Name Entities Replacement - Pandas Dataframe with text column - Preprocessing

我有一个带有句子(文本)列的数据框。 我想执行名称实体替换:我有一个列表,其元素是股票信息

stocks = [
{"symbol": "GS", "company": "Goldman Sachs", "index": "Dow Jones", "sector": "Financial Services"},
{"symbol": "JPM", "company": "JPMorgan Chase", "index": "Dow Jones", "sector": "Financial Services"},
{"symbol": "TRV", "company": "The Travelers Companies", "index": "Dow Jones", "sector": "Financial Services"},
{"symbol": "V", "company": "Visa Inc.", "index": "Dow Jones", "sector": "Financial Services"},
{"symbol": "AMGN", "company": "Amgen", "index": "Dow Jones", "sector": "Healthcare"},
{"symbol": "JNJ", "company": "Johnson & Johnson", "index": "Dow Jones", "sector": "Healthcare"}
]

我想在我的数据框中找到句子 'symbol' 和 'company',以便用 '<TCK>' 替换符号,用 '<CMPY>' 替换公司。该函数必须应用于所有行。

我正在寻找一个函数,它接收带有标记化文本的数据帧和 returns 处理后的文本。 重要的是要匹配整个公司名称,而不仅仅是名称的一个元素。关于符号,我知道它有点困难,因为在文本中很容易找到 'V'(签证符号),但是我来这里是为了听到一些好的解决方法

让我们举个例子开始:

print(dataframe['text'])

输出:

0  [GS is the main company of Dow Jones]
1  [Once again Visa surprises all]*
2  [Johnson & Johnson's vaccine is the best one]

我想要一个具有以下结果的新专栏:

0  [<TKR> is the main company of Dow Jones]
1  [Once again <CMPY> surprises all]*
2  [<CMPY>'s vaccine is the best one] 

第 1 行 --> 棘手,因为公司的真实名称是 'Visa Inc.' 而不仅仅是 Visa...我真的不知道如何处理它。

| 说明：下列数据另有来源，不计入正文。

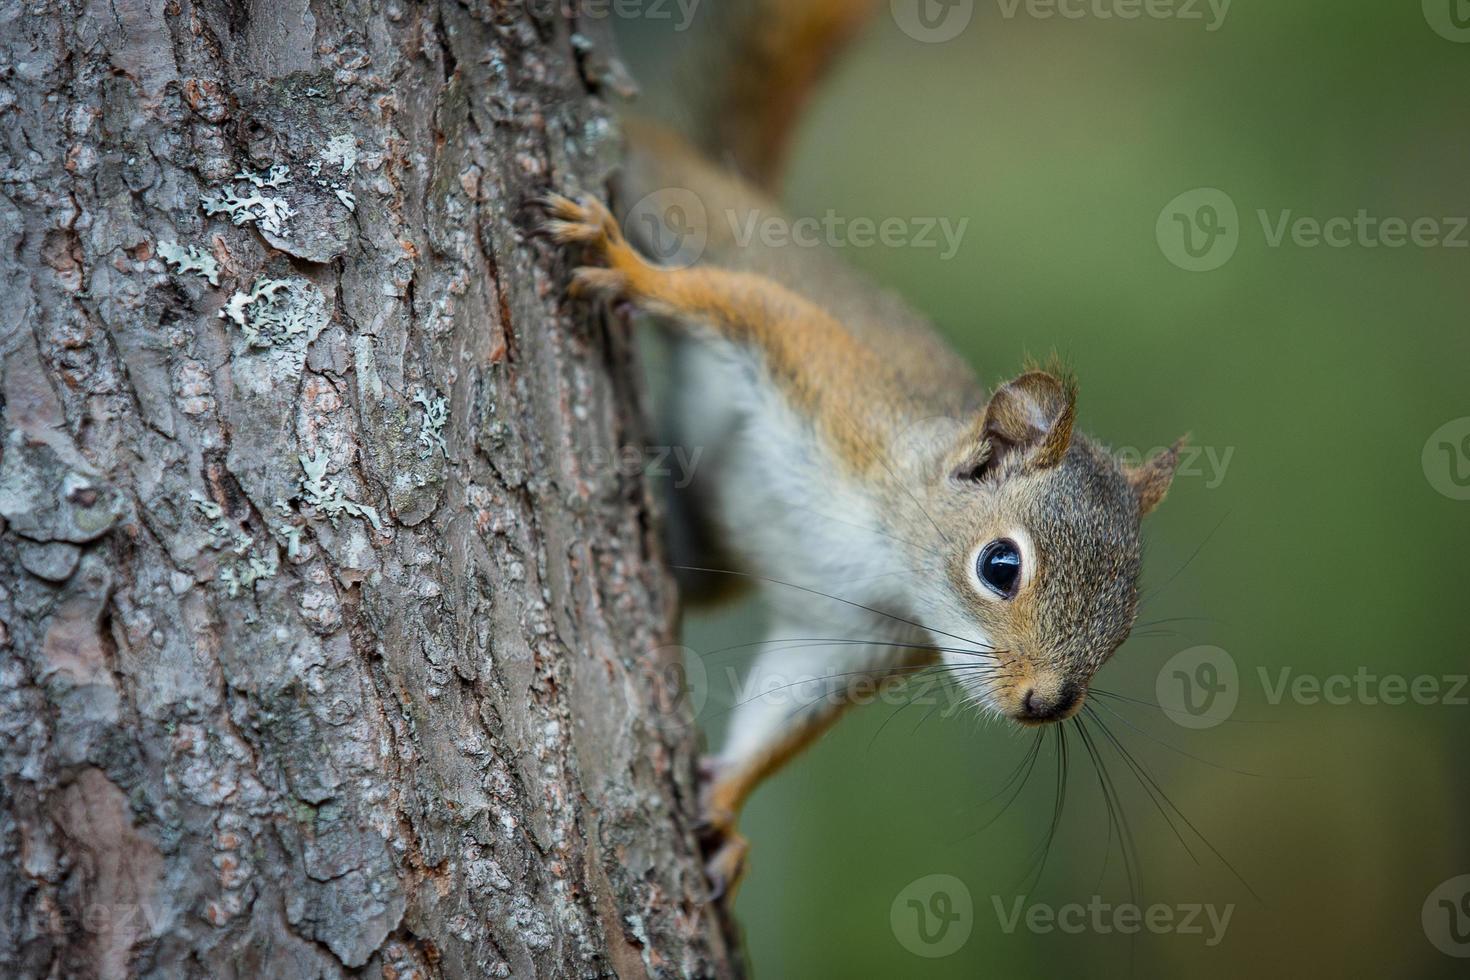 Noord-Amerikaanse eekhoorn klimmen op boom in de achtertuin foto

我不知道使用标记化句子是否更好:因为在那种情况下我还需要标记化“公司”,例如高盛。

您可以使用

import pandas as pd
import re

stocks = [
{"symbol": "GS", "company": "Goldman Sachs", "index": "Dow Jones", "sector": "Financial Services"},
{"symbol": "JPM", "company": "JPMorgan Chase", "index": "Dow Jones", "sector": "Financial Services"},
{"symbol": "TRV", "company": "The Travelers Companies", "index": "Dow Jones", "sector": "Financial Services"},
{"symbol": "V", "company": "Visa Inc.", "index": "Dow Jones", "sector": "Financial Services"},
{"symbol": "AMGN", "company": "Amgen", "index": "Dow Jones", "sector": "Healthcare"},
{"symbol": "JNJ", "company": "Johnson & Johnson", "index": "Dow Jones", "sector": "Healthcare"}
]

def process_term(term):
    t = [x for x in term.split()]
    first = t[0]
    if len(t) > 1:
        first = first + r"(?:\s+{}{}".format("(?:\s+".join(map(re.escape,t[1:])), ")?" * (len(t)-1))
    return first

dataframe = pd.DataFrame({'text':['GS is the main company of Dow Jones', 'Once again Visa surprises all', "Johnson & Johnson's vaccine is the best one"]})
rx_symbol = r"\b(?:{})\b".format("|".join([x["symbol"] for x in stocks]))
rx_company = r"\b(?:{})(?!\w)".format("|".join(sorted([process_term(x["company"]) for x in stocks], key=len, reverse=True)))
dataframe['new_text'] = dataframe['text'].str.replace(rx_symbol, r'<TKR>', regex=True)
dataframe['new_text'] = dataframe['new_text'].str.replace(rx_company, r'<CMPY>', regex=True)
>>> dataframe
# =>                                           text                                # new_text
# => 0          GS is the main company of Dow Jones  <TKR> is the main company of Dow Jones
# => 1                Once again Visa surprises all         Once again <CMPY> surprises all
# => 2  Johnson & Johnson's vaccine is the best one        <CMPY>'s vaccine is the best one

简而言之:

  • symbolcompany 数据中创建两个正则表达式和 运行 两个 replace 操作
  • symbol 正则表达式很简单,它看起来像 \b(?:GS|JPM|TRV|V|AMGN|JNJ)\b 并且匹配括号中的任何替代项作为一个完整的词
  • company 正则表达式遵循 Regular expression to match A, AB, ABC, but not AC. ("starts with"). It looks like \b(?:The(?:\s+Travelers(?:\s+Companies)?)?|Johnson(?:\s+\&(?:\s+Johnson)?)?|JPMorgan(?:\s+Chase)?|Goldman(?:\s+Sachs)?|Visa(?:\s+Inc\.)?|Amgen)(?!\w): each company name is re.escaped, and each subsequent word only matches (optionally) if the previous term word is matched. See the regex demo 中描述的后缀方法。请注意,右侧单词边界设置为 (?!\w) 前瞻,因为如果术语以非单词字符结尾,\b 将阻止匹配。